Conclusion : à l’épreuve du syndrome NIMBY
Au total, les réactions dominantes des différents acteurs locaux concernés par l’accueil des
« gens du voyage » ou par l’organisation de raves peuvent être résumées sous la forme de l’effet
NIMBY : Not In My Back Yard, c’est-à-dire littéralement « pas dans mon arrière-cour ». Cette
notion sert à qualifier l’argument (et la mobilisation qui le porte) consistant à dire : « on n’a rien
contre, mais on n’en veut pas chez nous », ou encore : « c’est où vous voulez, mais pas chez
moi ». Apparu aux États-Unis à la fin des années 1960, le phénomène NIMBY, qui caractérisait
initialement l’opposition des riverains à l’implantation d’équipements polluants, s’applique
désormais à de nombreux projets imposés au nom de l’intérêt général mais considérés comme
porteurs de nuisances23. Les exemples sont très nombreux : prison, décharge, centrale nucléaire,
infrastructures routières ou ferroviaires… Plus précisément, la « théorie » décrite sous le terme de
syndrome NIMBY est formulée ainsi par Arthur Jobert : « l’implantation de tout équipement
collectif crée des nuisances pour les riverains proches de l’équipement alors qu’ils n’en tirent pas
d’avantage direct »24. Elle dessine, de manière réductrice, voire caricaturale, la figure d’individus à la
fois rationnels (car ils font un calcul coût / avantage de type économique) et pathologiques (dans
la mesure où les nuisances sont surestimées, voire fantasmées)25.
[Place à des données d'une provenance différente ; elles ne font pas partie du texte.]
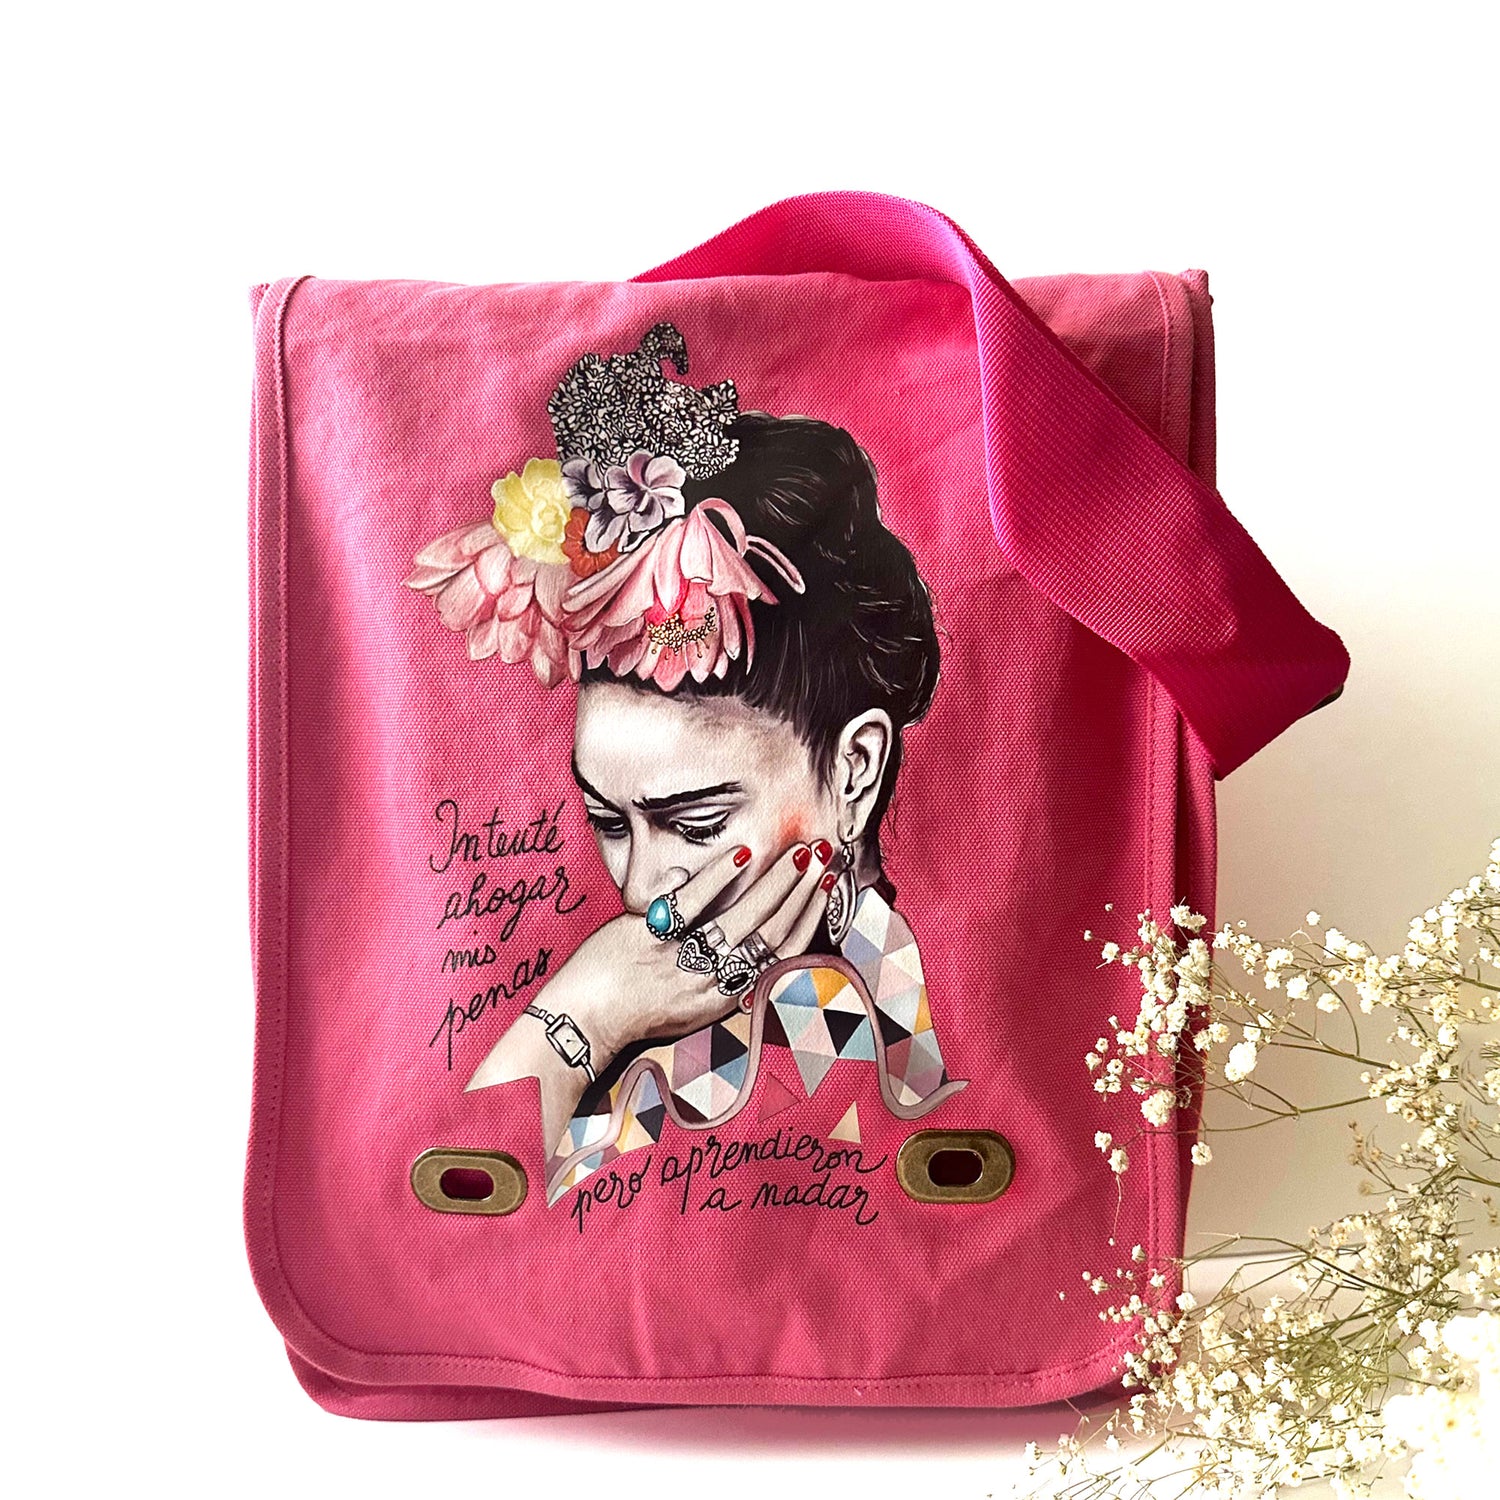 Frida Kahlo bags handbags backpacks girl gift idea birthday back to school little frida mexico folk art red and pink flowers

Au-delà, et même si on ne peut l’y réduire, une mobilisation de type NIMBY peut s’analyser
comme une contradiction entre intérêt particulier et intérêt général : l’action collective vise avant
tout le lieu d’implantation de l’équipement ou de la manifestation ; en tant que telle, la finalité du
projet n’est pas remise en cause. Schématiquement, le raisonnement est celui-ci : « il faut des
prisons, des décharges, etc., mais pas ici ». Or, dans le cas des teknivals (et des raves en général),
la mobilisation concerne également la légitimité de ce type de rassemblements, ainsi que celle de
l’implication de l’État26. Ce constat est aussi valable dans le cas de l’accueil des « gens du voyage ».
Les contestations montrent que c’est la légitimité de l’obligation légale d’accueil de cette
population qui est remise en cause (les campings semblent suffisants, cela n’arriverait pas si les
« gens du voyage » étaient sédentaires, etc.).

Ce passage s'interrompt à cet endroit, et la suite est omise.